CAPTCHA and challenge-response

CAPTCHA operates at the website level, not at the search endpoint itself. Tools like reCAPTCHA v3 run passively on the page, scoring each visitor's behaviour. If a visitor's score falls below your threshold — indicating likely bot activity — you can block or challenge them before a search request is ever fired.

Apply challenges selectively. Adding a visible CAPTCHA to every search interaction creates unnecessary friction for real users. The recommended approach is to trigger a challenge only when suspicious behaviour is detected, such as an unusually high query rate from a single session or a low trust score returned by your WAF.

SolutionNotes
Cloudflare TurnstileFree, invisible to users, straightforward to integrate
Google reCAPTCHA v3Invisible scoring; show a visible challenge only below a score threshold
hCaptchaPrivacy-focused alternative to reCAPTCHA

Protect Search Endpoints

This setting addresses a potential security risk for intranet and extranet projects.
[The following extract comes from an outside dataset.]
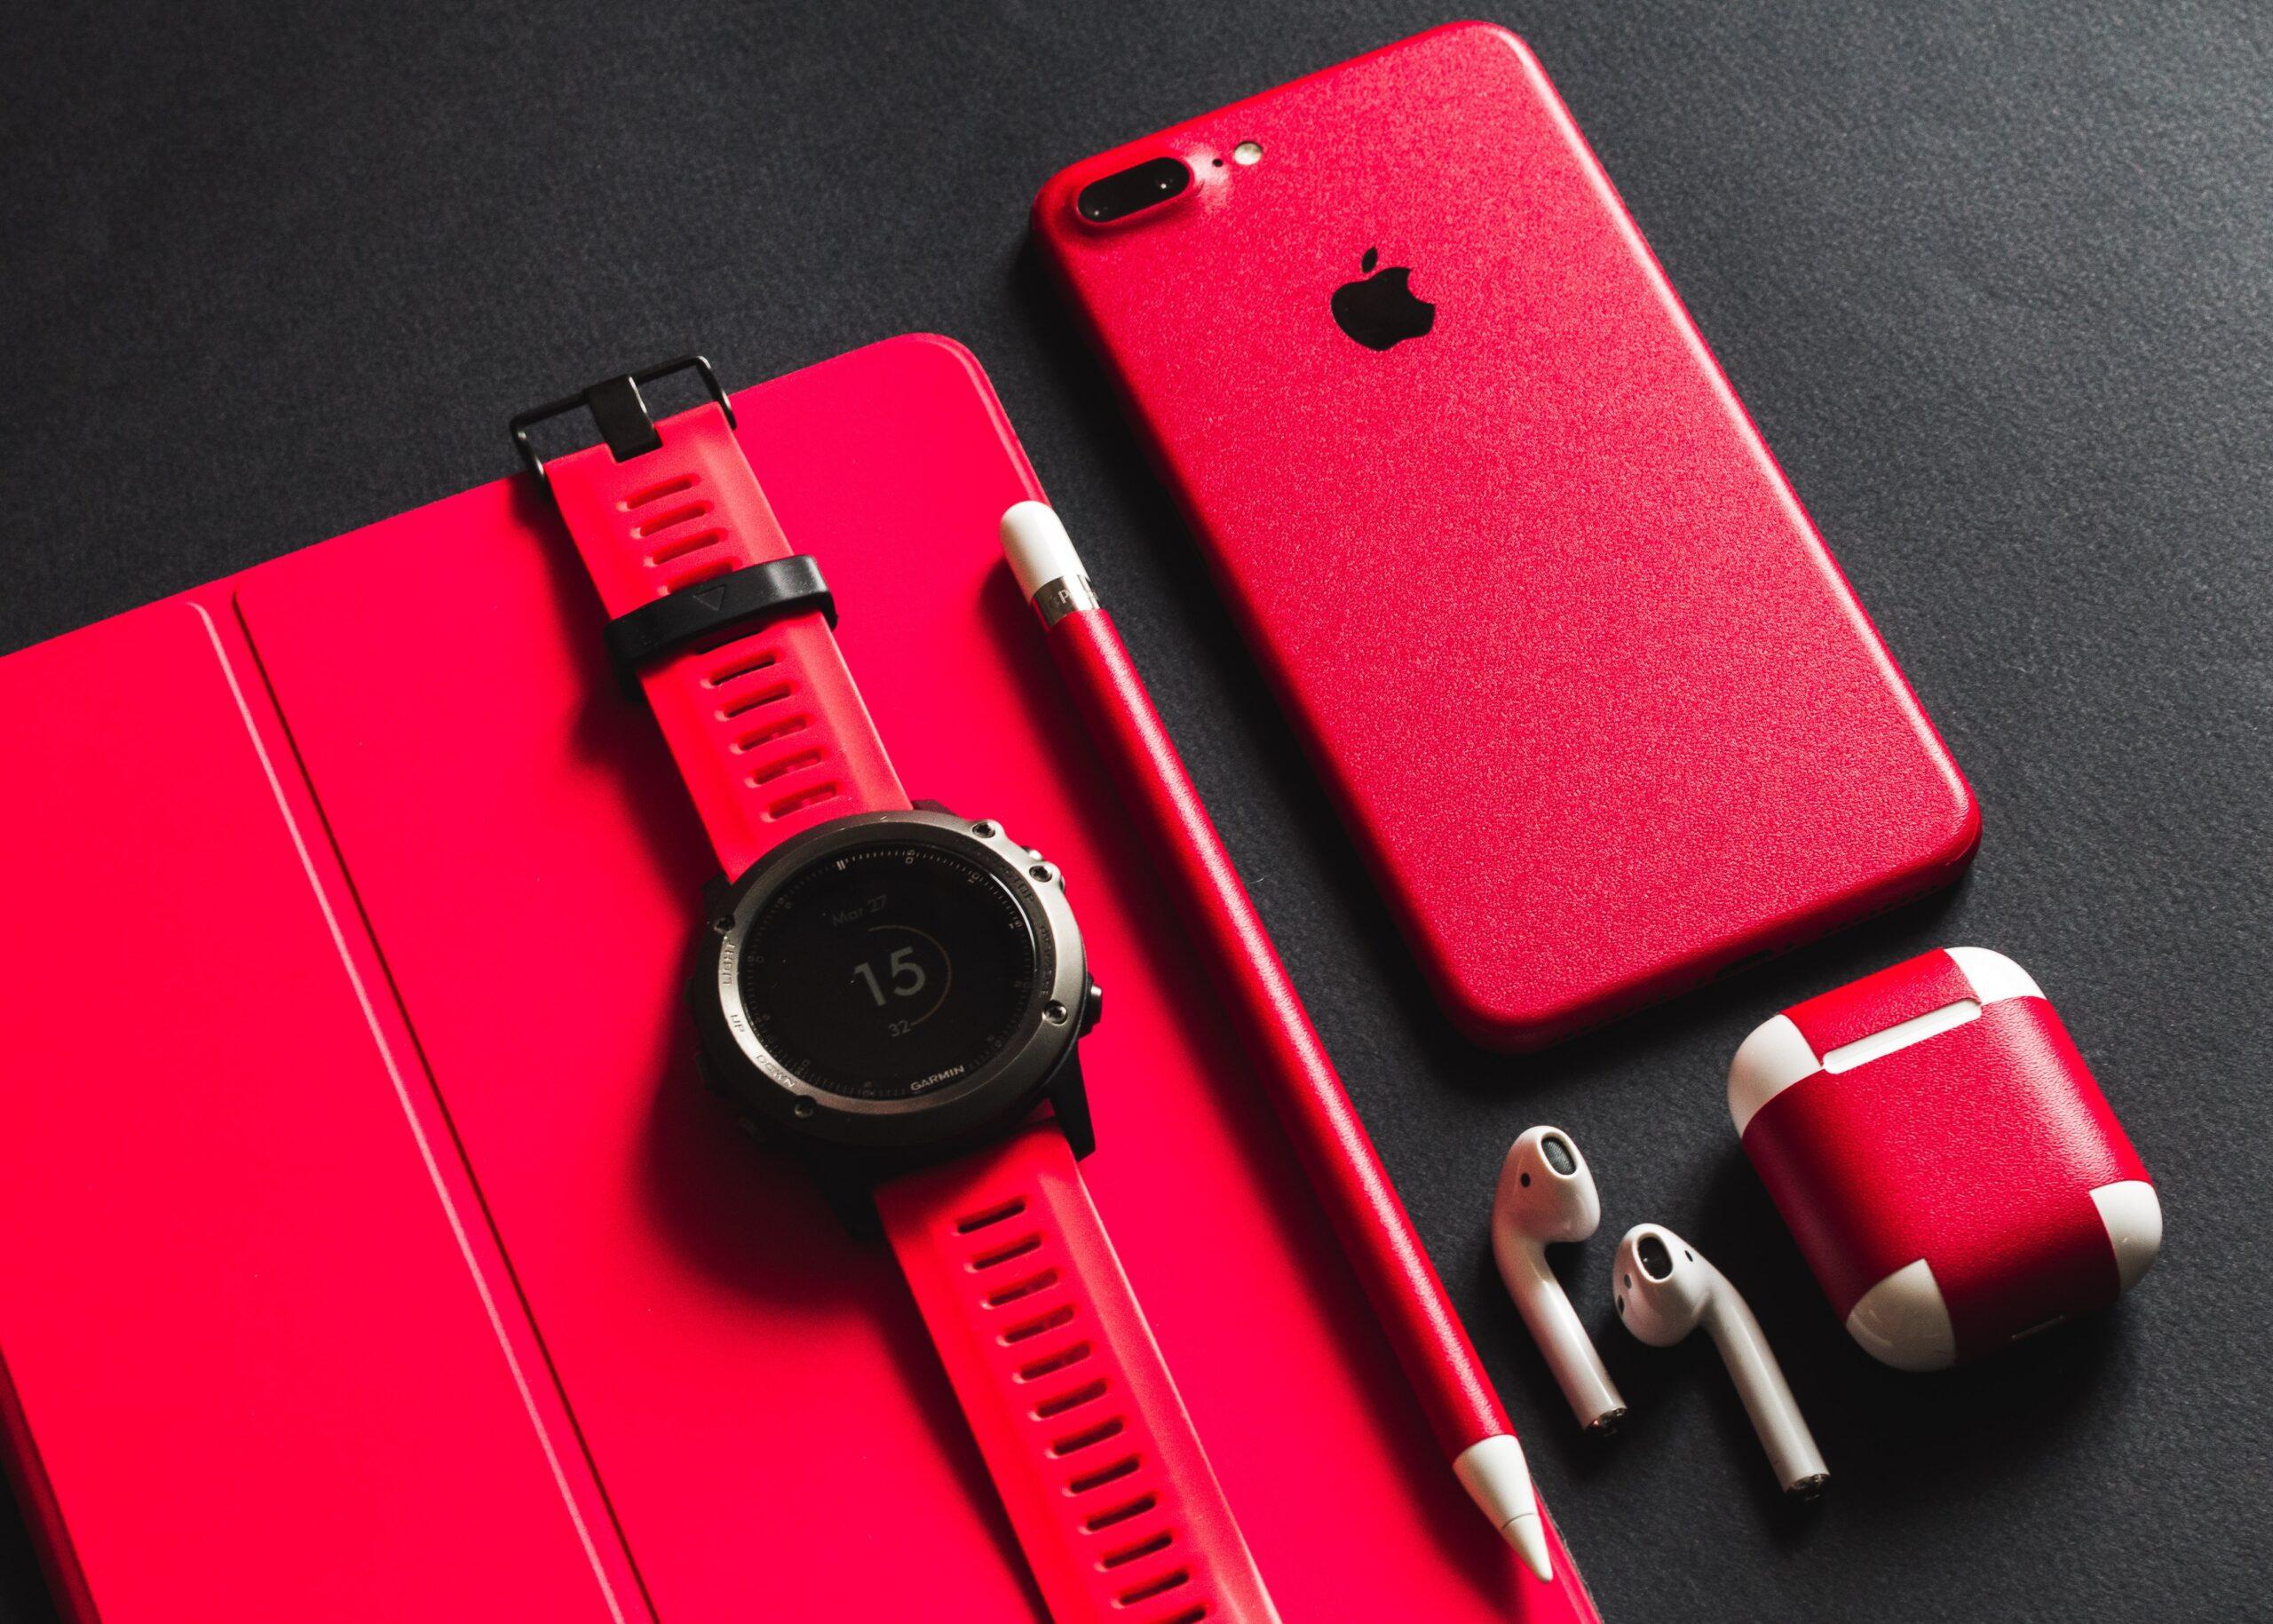 Gli accessori Mini In The Box costano poco e sono molto pratici thumbnail

If your search endpoints are publicly accessible, anyone who knows — or can guess — a valid siteId could query the Search and Suggestion endpoints directly and retrieve indexed results. This means your content may be exposed through the API even if your website itself is not publicly accessible.

Enabling Protect Search Endpoints mitigates this risk by requiring authorization on all search and suggestion requests. You can find these options under Search Settings → General → Access Control.

Note: These settings are available for Content Search customers only.

Require API Key Authentication

When enabled, all Search and Suggestion endpoint requests must include a valid API key.

You can pass the API key in either of the following ways:

  • As a query parameter: token=<your-api-key>
  • As a request header: Authorization: <your-api-key>

Important: The Site Search 360 JavaScript plugin is not compatible with this setting. This option is intended for custom integrations where you control the request and can attach the API key server-side.

Restrict by Allowed Host Names

Only Search and Suggestion requests originating from the specified host names will be accepted. Leave this field blank to allow requests from all host names.

Note: This setting validates the Origin request header only. Because the Origin header can be spoofed, this should be treated as a basic restriction layer — not a security guarantee.